To test this hypothesis, we designed and conducted this prospective randomized controlled study enrolling elder patients over 65 undergoing hepatectomy at the Zhongshan Hospital affiliated with Fudan University. Next, we established a multimodal analgesia system by adding perioperative parecoxib to the routine practice of combined general-epidural anesthesia. Stringent criteria were set to select patients and avoid the potential adverse reactions due to parecoxib. Other potential risk factors for CPSP after hepatectomy were also evaluated in our cohort.

Methods

Study design

This prospective, double-blind, random, placebo-controlled, single-centered trial of perioperative analgesia to prevent CPSP in elderly patients after hepatectomy. The objective of the study was to test the superiority of parecoxib vs. placebo in preventing chronic post-hepatectomy pain in elderly patients over 65 under combined general-epidural anesthesia.

Study participants

All patients, aged 65–80-years-old, with American Society of Anesthesiologists (ASA) physical status classification of I or II, scheduled to undergo elective open hepatectomy for hepatocellular carcinoma at the Zhongshan Hospital, Fudan University, were considered eligible for this study. We excluded patients who underwent hepatectomy previously, had a history of chronic pain, were treated with radiation or chemotherapy, were not suitable for epidural anesthesia (especially with coagulopathy), and had a history of psychology or mental illness. Given the potential adverse reactions of COX-2 inhibitors, patients were excluded if they fulfilled one of the following conditions: 1. allergy to parecoxib; 2. active gastrointestinal bleeding or ulceration; 3. history of congestive heart failure or ischemic cardiac diseases; 4. Child-Pugh score > 6 points or resection of more than three hepatic segments; 5. disease of peripheral arteries or cerebral vessels; 6. estimated glomerular filtration rate of < 60 mL/min.

All participating patients provided written informed consent for this clinical trial, approved by the Ethics Committee of Zhongshan Hospital, Fudan University. A trial registration number (ChiCTR2000035198) was obtained from the Chinese Clinical Trial Registry.

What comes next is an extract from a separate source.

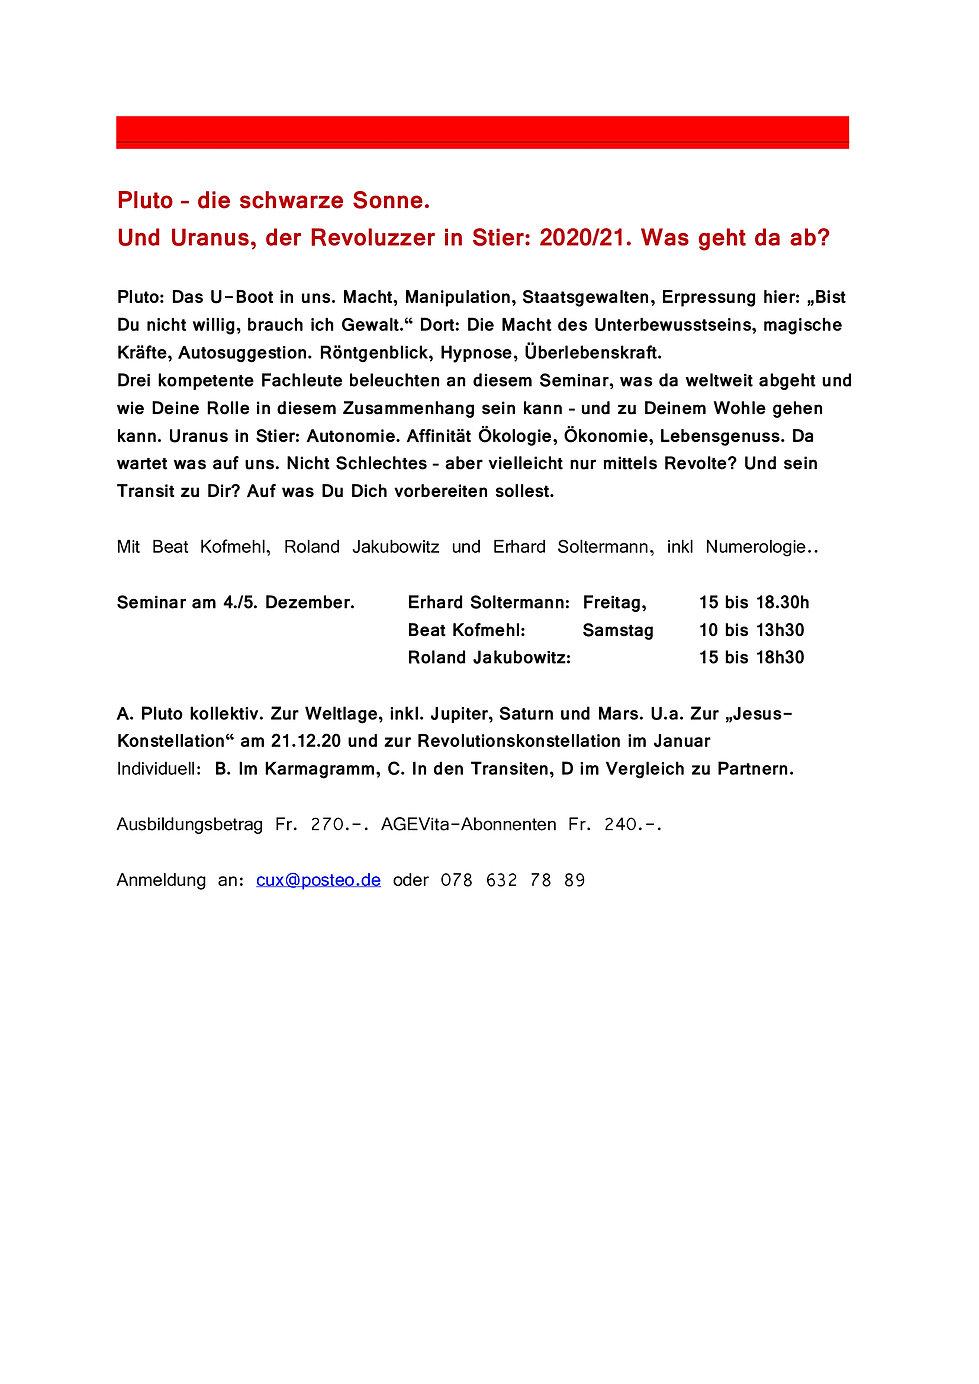 Pluto-und-Uranus-Dez-2020.jpg

Randomization and blinding

A computer-generated randomization sequence was used to recruit and enroll patients consecutively. Only the statistician and the pharmacists were aware of the concealed allocation schedule. The participants were randomly assigned to one of the following treatment groups in a 1:1 ratio.

Parecoxib group

Parecoxib sodium of 40 mg diluted with normal saline to 4 mL was administered intravenously, starting from 10 min before incision and once every 12 h until the sixth dose.

Placebo group

A volume of 4 mL normal saline was administered intravenously, starting from 10 min before incision and once every 12 h until the sixth dose.

Based on the allocation schedule, the unblinded pharmacist prepared the parecoxib sodium or placebo with an identical appearance in the same type of syringe. The nurse (blinded to allocation) followed the study protocol and administered the medication according to the sequence. To reduce the bias, the patients, anesthesiologists, surgeons, nursing staff, postoperative follow-up group, and data processors were blinded to patient grouping until all the data were collected.

Study procedures

Baseline psychological distress

All patients completed a questionnaire of the Hospital Anxiety and Depression Scale (HADS) [15] on the night before surgery.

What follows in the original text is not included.